I am presuming that one 3-wire is going from the Inovelli box to the light and the other 3-wire is going from the Inovelli box to the dumb switch box. Is that what you’re thinking.

If that is correct, which of the 3-wres as you described them (Traveler or Light) is going directly to the dumb switch. I thought that was what you called the Traveler Romex, but say that one conductor is going to the light?

If you can draw this out it will help make sense of what you have.

I neglected to mention the terminated black wire in the 3 wire to the light in the box with the Inovelli in my previous post. Perhaps that created some confusion.

This diagram is clear, I hope.

the wire from common to light is connected via a wire nut in the box with the inovelli.

I don’t think that diagram is going to be helpful, unfortunately. I don’t think it’s accurate. You have Romex, so all three conductors in the 3-wire at the dumb switch box have to go to the same place (the other switch box, right?). Yet in your drawing you have 2 conductors going to the switch box and one going to the light. That can’t happen with Romex. I see some other things, such as where the Load is connected to the Inovelli but no sense in discussing that further as I don’t really think your diagram matches your configuration.

At this point I don’t know what to suggest, as it’s tough to get detail from your pics.

I drew some direct lines that were intended to declutter the schematic. The wire from the dumb switch box that is drawn directly to the light is actually bridged in the other box with a wire nut.

This drawing illustrates that (as well as the couble terminated black wire in the romex to the light).

I double checked each of my connections just now. These are accurate.

Is it possible that it is something other than the wiring?

Ok, way better on the 2nd drawing. The drawing matches the Inovelli and from what I can tell the connections to the switch are correct. I labeled the wire colors in your drawing and matched them up.

Yes, to answer your question, it can certainly be something else. I just like to insure the wiring is correct first.

The switch doesn’t have a parameter to set the wiring type like the dimmer does; it auto-detects. My suspicion is that it doesn’t always auto-detect properly.

One thing to try is to factory reset the switch and then re-add it.

Also, what bulb(s) is this connected to?

Also, what firmware is the Inovelli on?

Parameter 13 was added in firmware 1.17, and devices shipped in the past couple of months are shipping with 1.20. The default setting is to auto-detect, but let’s see what @bryan knows about his settings changes.

That’s right, but you’re referring to the parameter for special load types like a T-8, which also might fix issue though. But I was referring to the dimmer’s parameter 21 where you specify the wiring type, i.e. 2-way, 3-way toggle, 3-way dumb switch. The switch autodetects that, supposedly, but that could also be the issue if the autodetection isn’t working properly.

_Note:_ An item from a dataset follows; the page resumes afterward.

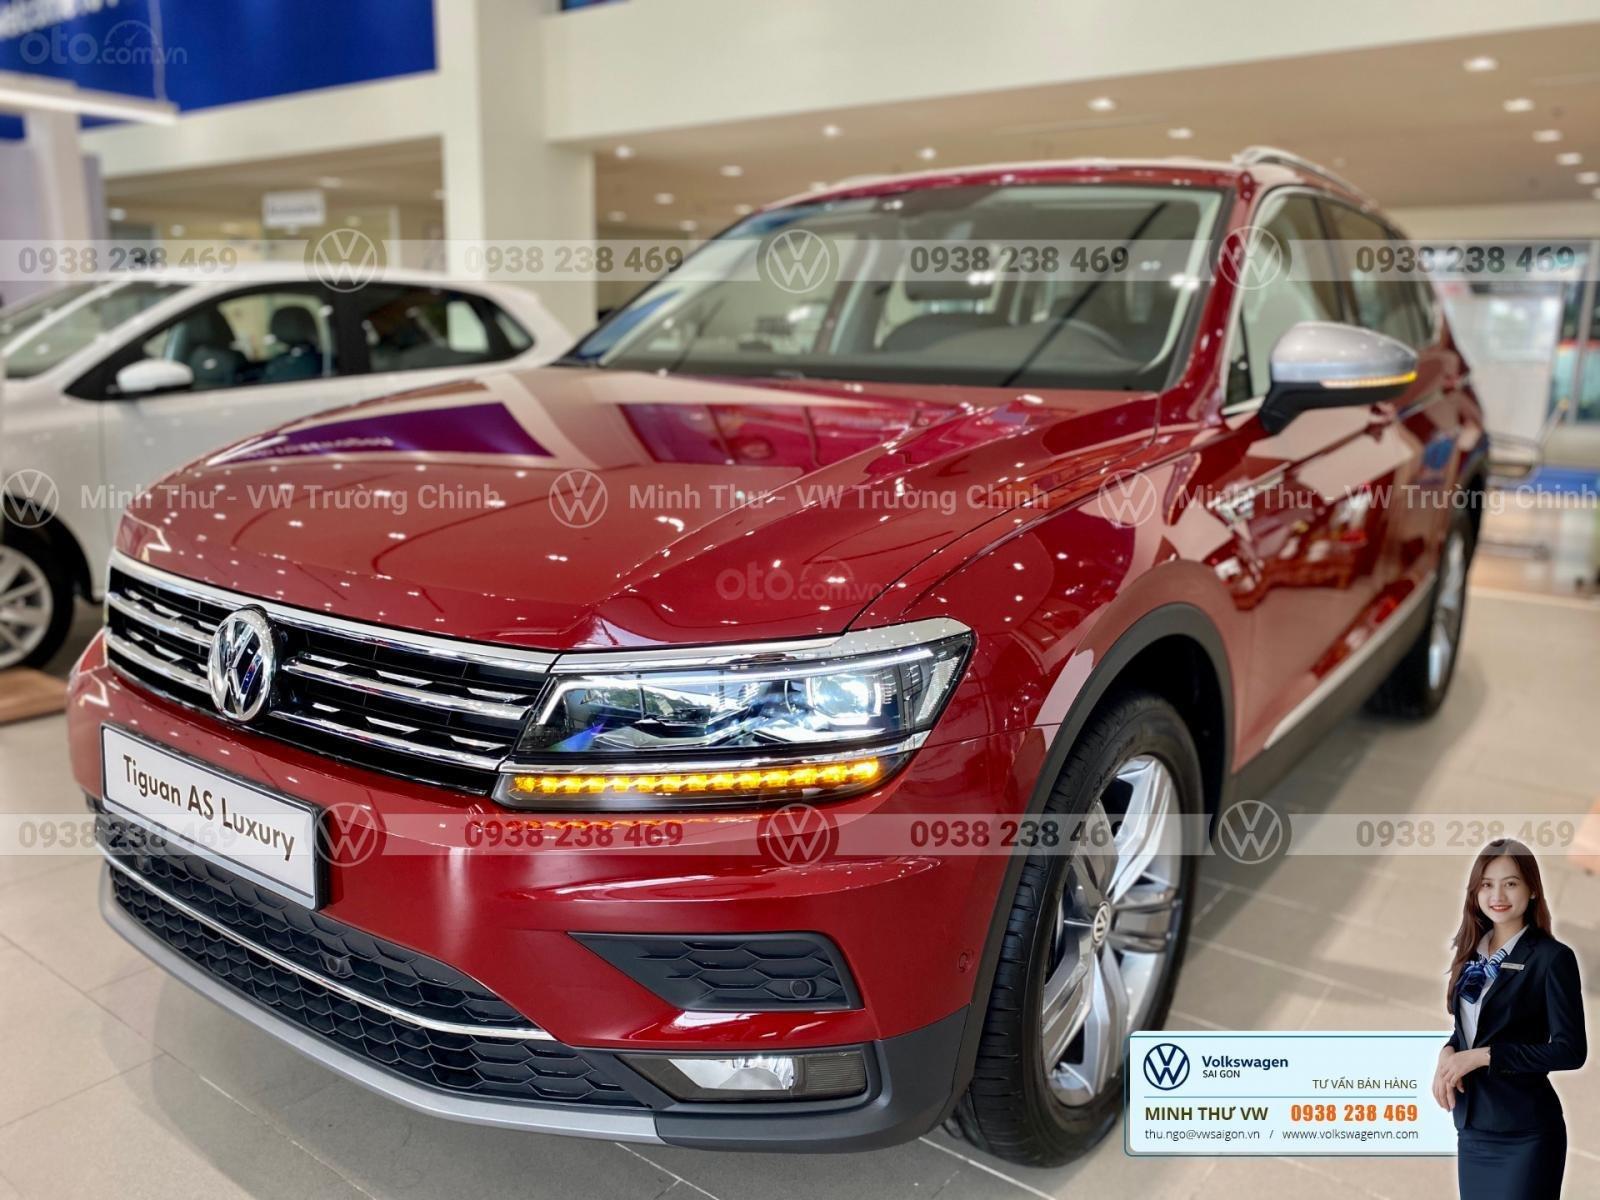 Tiguan allspace Luxury màu đỏ - Giảm 120 triệu tiền mặt + quà tặng từ vw sài gòn - Lái thử tận nhà (13)

I hadn’t added the switches to Home Assistant yet so I did all of them last night.

One thing to try is to factory reset the switch and then re-add it.
I have done that and now the behavior seems different. When the dumb switch is in the A position the Inovelli works as expected. When the dumb switch is in the B position, Pushing up on the paddle of the Inovelli does not change the lights at all. The blue light will blink once and I can hear the relay click once, but the lights don’t come on. Pushing down on the paddle does not produce any sounds or visual indicators.

Also, what bulb(s) is this connected to? It is a single fixture with 3 TCP 9w LED lamps.

Also, what firmware is the Inovelli on? firmware is 1.21

You can try flipping the bit on parameter 13 as @RyCam suggested. It’s not directly related to your load but it’s been known to resolve things.

Also, can you temporarily swap out the bulbs for incandescent?

Finding an incandescent will take a bit, but I know I have one around here that I use for other testing purposes.

Can you tell me what the process is to switch parameter 13? I can’t seem to find the instruction.

Sorry, but I’m not a HA guy, but there are a number here. Someone should weigh in with parameters.